The other thing I’m having a go at, which is very much related, is the lost art of single tasking. I’m a demon for multi-tasking and I know it isn’t faster. I read something recently in a book which I’m going to blog about soon, where somebody makes that case, and you remember somebody made that case for us years ago as well. Do you remember the you launched three projects A, B, and C – Which Makes Money Fastest, and the answer is none of them because you’ve got to focus on one and bring it to market, and open it up, and get it making money before you do B and C. I can’t single task anymore, and I am addicted to digital. It’s just not a good way to be, so the challenge is breaking the addiction and establishing new, healthier habits.
Nicola:
It was Mike Filsaime; I still have the PowerPoint slide if you want me to pop it over.
Judith:
I do. I know the one that that went to Mark Forster when he asked us that question I was the only one in the room to get it right. He said I was the only person who’d ever got it right, quite interestingly.
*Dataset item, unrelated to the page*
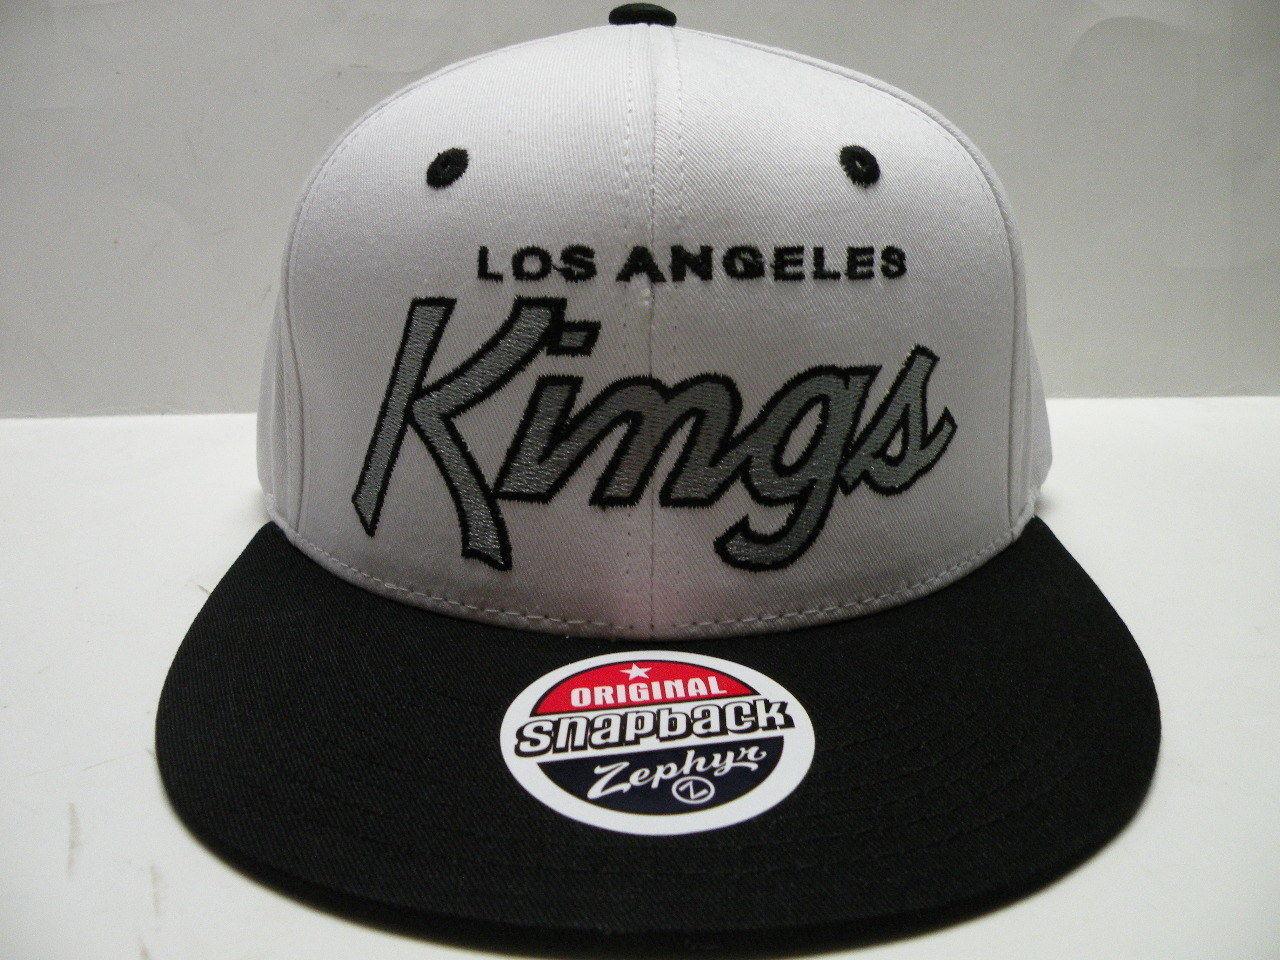 b60f7a5bc63 Zephyr NHL Los Angeles Kings White Black 2 and 42 similar items
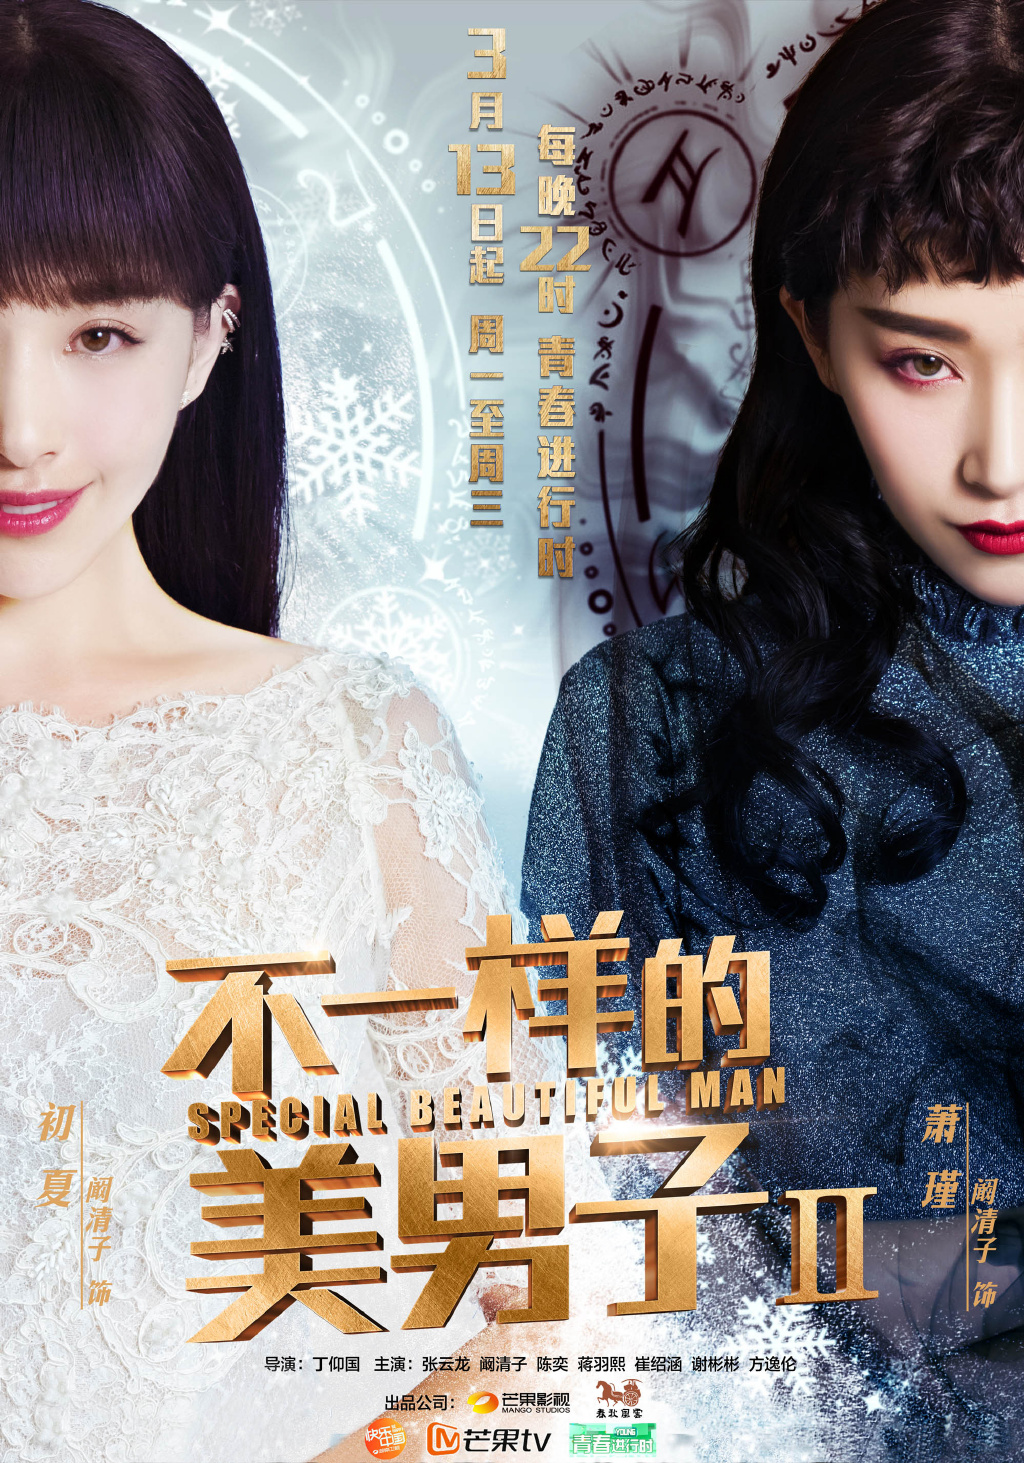 A Different Kind of Pretty Man 2 (2017) - DramaPanda

Mike Filsaime, yes carry on.
Nicola:
Tell me a bit more about this, because when you say multi-tasking I don’t think you mean multi-tasking, I think you mean multi-projecting.
Judith:
Doing more than one thing at once.
Nicola:
Business wise, more than one business or more than one project within your business? You don’t mean…
Judith:
No, no, no doing one… No, no, any task. So, I’m on the computer, I’m not just doing emails or writing a blog, I’m also checking Facebook. You’ve got to just do one.
Nicola:
I think I’ve largely mastered this but my biggest challenge is every time I try to write a blog post I have to go and check my facts. Then I end up on Facebook and then you get stuck.
Judith:
I rest my case, that’s exactly, none of us can do it anymore. None of us can do it anymore and with good reason, which is the way gadgets work are designed for us to be able to do multi-taskings, exactly as you describe. Open another window, what do you call them? You know, these little gizmo’s on the bottom of your screen, what do you call them? Tabs?
Nicola:
I call them icons.
Judith:
But when you open another one what’s it called, opening a window, opening a tab, what do you call it?
Nicola:
Yeah, well it depends if it’s an application or a tab, yeah.
Judith:
Okay well there you go, okay. That’s wrong.
Nicola:
That’s why iPads are quite good because they won’t actually let you have more than one thing open at a time. You have to consciously swap between them. The only thing is they’re quite hard to work on when you’re used to a computer.
Judith:
They are, but actually my iPad, one of my rules over Christmas, and I’m on Christmas break day three or four and I haven’t achieved despite saying I would, is no iPads in the bedroom because after lights out, I can turn over, I can have a thought. The thing about an iPad is it feeds a particular addiction that I have which is, I need to know the answer to everything now. It might be I wonder what the best route is to such and such? I wonder if I’m too late to place an order for such and such before Christmas? I wonder what’s on television tomorrow night? I wonder. Whatever it is, however random and mad the thought is on my pillow, I’ve got to turn on the iPad and have a look because what it does is, I almost need my iPad, it’s like a third arm because I can no longer bear not knowing the answer to any question instantly.
Nicola:
This is why I listen to a podcast to go to sleep, because I have a brain that is just like that. I found it the only thing that quiets it, I can’t just lie in my bed in the dark waiting to go to sleep; I just can’t. It just doesn’t happen. Either I start having horrible thoughts about spiders crawling across the ceiling, or I start thinking about something to do with work. I found listening to podcasts, especially soft Australian accent podcasts, it calms my brain down. It occupies it just enough and I’m usually asleep, literally, within 10 minutes.
Judith:
My point is really more about the addiction. How tight a hold it has. One of my favourite films, you probably don’t remember, is called, Local Hero. It’s about this Texas oilman that comes from Houston to a gorgeous beach in Scotland and he’s trying to buy a piece of Scotland in order to have an oil refinery offshore and nobody wants it because they’re perfectly happy with their lovely, peaceful way of life, but he’s completely addicted. He has a watch that beeps on Houston time. He has to go to conference calls and it’s all go, go, go, go, go. What happens is, three or four days in, the Scots people play him completely and he’s rolling up his suit trousers and crabbing in rock pools . You see this beautiful scene at one point, we are only in the 80’s so it’s not very digital but this beeping watch is just left in a rock pool and he couldn’t give a damn anymore because he’s just moved on to local time.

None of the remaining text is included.